After US Secretary of State Marco Rubio said on Wednesday that Washington was ready to meet with Iran on Friday, noting that the location of the meeting had not yet been decided, Axios reported, citing American officials, that plans for dialogue with Tehran were threatened with failure.

Two American officials said that the United States informed Iran on Wednesday of its rejection of Tehran’s demands to change the location and format of the talks scheduled for Friday. They explained that Washington discussed the request to transfer negotiations from Türkiye to the Sultanate of Oman, but ultimately decided to reject the request.

A senior American official said: “We told them: Either this or nothing, and the response came: Well, then nothing.”

He added that the United States is ready to hold talks this week or next week if Iran agrees to return to the previously agreed-upon format.

The official warned that Washington “wants to reach a real agreement quickly, otherwise it will start looking at other options,” in a clear reference to US President Donald Trump’s threats to resort to the military option.
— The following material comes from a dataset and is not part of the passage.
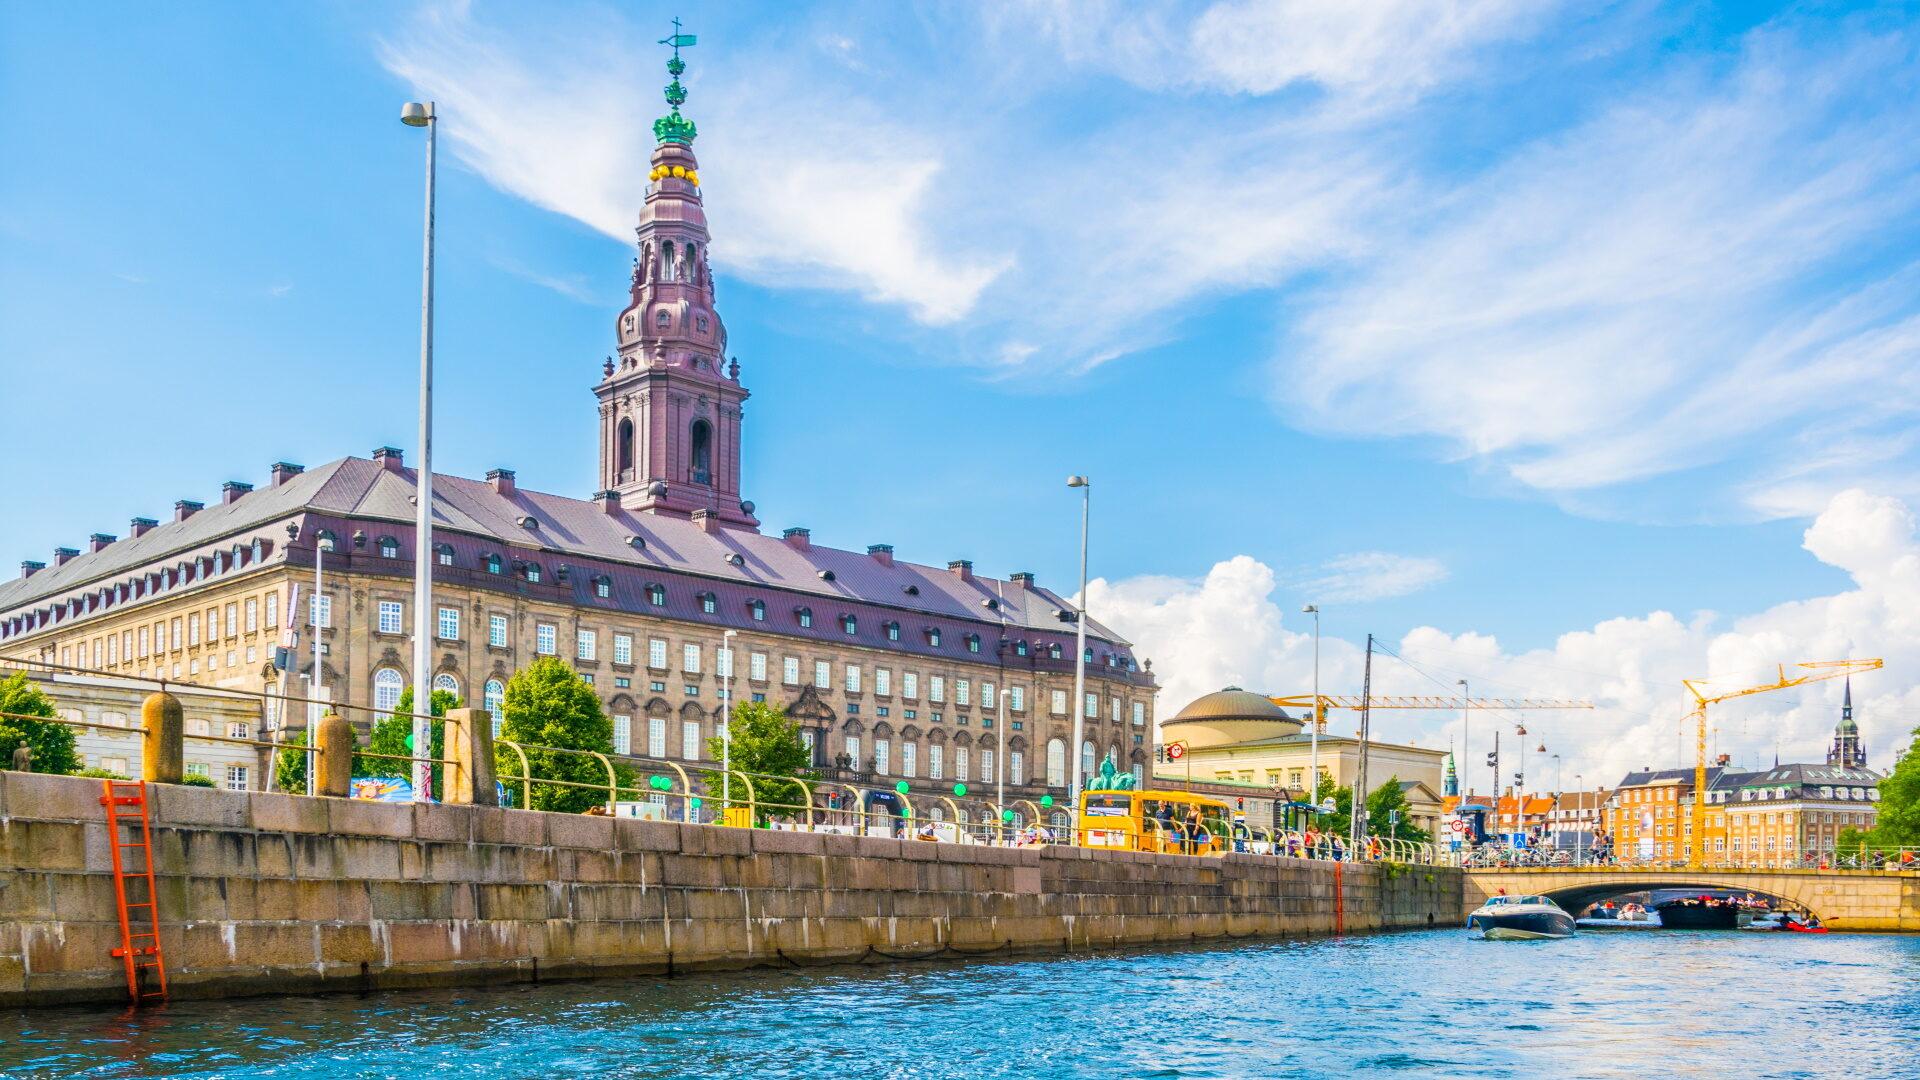 Stuttgart (STR) – Kopenhagen (CPH)

In a related context, American officials reported that Steve Witkoff, the White House envoy, and Jared Kushner, President Trump’s advisor and son-in-law, will travel to Qatar on Thursday to hold talks with the Qatari Prime Minister about the Iranian file, and that they will return later to the United States without meeting the Iranian party.

On the other hand, Israeli Channel 12 reported that Friday’s talks between Iran and the United States were cancelled.

For its part, Reuters quoted an Iranian official as saying that Tehran is ready to hold talks with Washington on the nuclear file only, warning that “the United States’ insistence on including non-nuclear issues puts the talks at risk.”

The United States and Iran had agreed in principle to hold talks on Friday in Istanbul, with countries from the Middle East attending as observers.

However, on Wednesday, Iran announced through official news agencies that the talks will be held in Muscat, with the participation of Iranian Foreign Minister Abbas Araqchi and American envoy Steve Witkoff.

Tehran confirmed that the negotiations will follow a formula similar to previous rounds, and will be limited to the nuclear file and the lifting of sanctions, without addressing the ballistic missile program or defensive capabilities, which are files that Washington and countries in the region insist on including.

This stumble comes in light of a mutual escalation in tone, after Trump threatened military action against Iran if the diplomatic track failed, while Tehran vowed a decisive response to any attack it was exposed to.